9 Replies Latest reply on Nov 28, 2017 2:30 PM by Derek Konofalski

    Combining/summing rows based on different columns

    Derek Konofalski

      I have 2 datasets that I'm trying to chart out on a dual-axis chart.  Here's some sample data and then an explanation of what I'm trying to do:

       

      - The first dataset is a list of costs per category for each year.  Every year does not have the same categories but that doesn't matter as I'm only interested in the total cost per year.

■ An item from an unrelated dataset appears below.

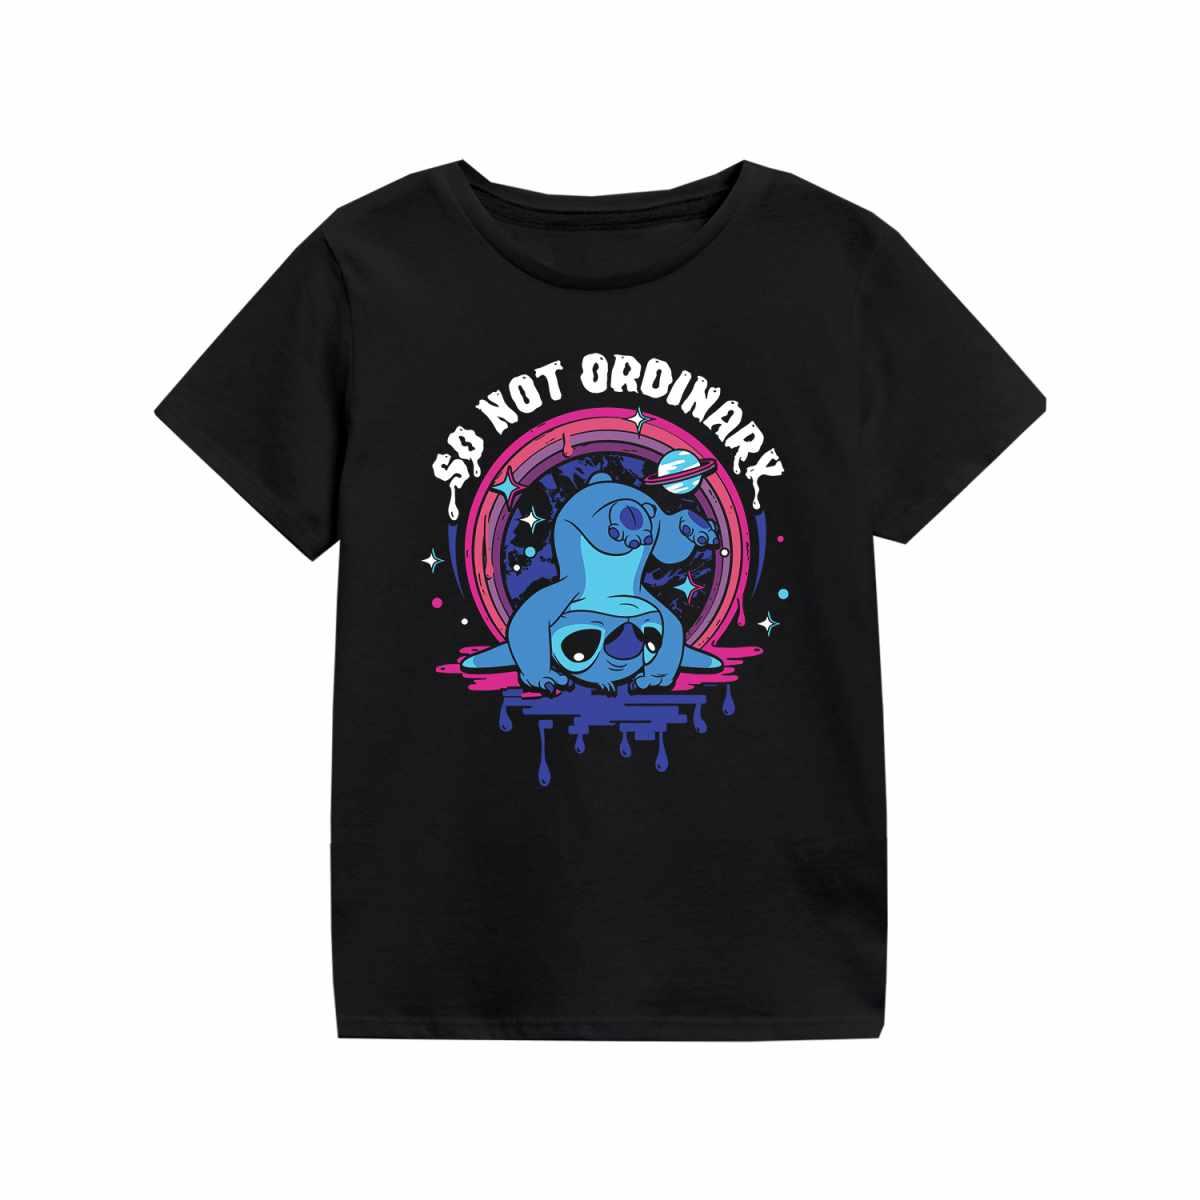 (リロ・アンド・スティッチ) Lilo & Stitch オフィシャル商品 キッズ・子供 So Not Ordinary Tシャツ スティッチ 半袖 トップス 【海外通販】画像

      Year     Category     ID     Cost

      2000     Software     01     50.45

      2000     Hardware     02     100.14

      2000     Support      03     47.77

      2001     Software     04     55.00

      2001     Ancillary    05     32.54

       

      - The second dataset is a list of counts by auditors of how many pieces of hardware we maintain. Every year has an audit done by AAA but only some years have an audit done by ARC (if there was a discrepancy and the numbers had to be re-counted or re-checked). There are 1 or 2 years where there's a third source.

       

      Year     Source     ID     Count

      2000     AAA        01     2054

      2000     ARC        02     2059

      2001     AAA        03     2109

      2001     ARC        04     2221

       

      I would like to plot out this dual axis chart that shows how our counts compare to our costs for each year.  On the Source dataset, I want to average out the counts and plot those and, on the Category dataset, I want to combine all the costs for each year. Ideally, I would have a chart with the x-axis showing all the years and then 2 different lines (in different colors) showing each point (the average for counts and sum of the cost) for each year.  When I connect my datasets, it's defaulting to an inner join which seems fine but it's causing me to get duplicated data and I think the reason is because the joined data is duplicating all the categories for each year. Instead of getting just a sum of all the costs per year, I'm getting a sum of all the costs multiplied by the number of sources in the Source dataset.

       

      Admittedly, I don't have much experience with Tableau and would normally do this in R. Does anyone have ideas on how to accomplish this? I can't publish the full workbook (and I'm not even sure that it's set up correctly) but I am more than willing to answer any questions needed.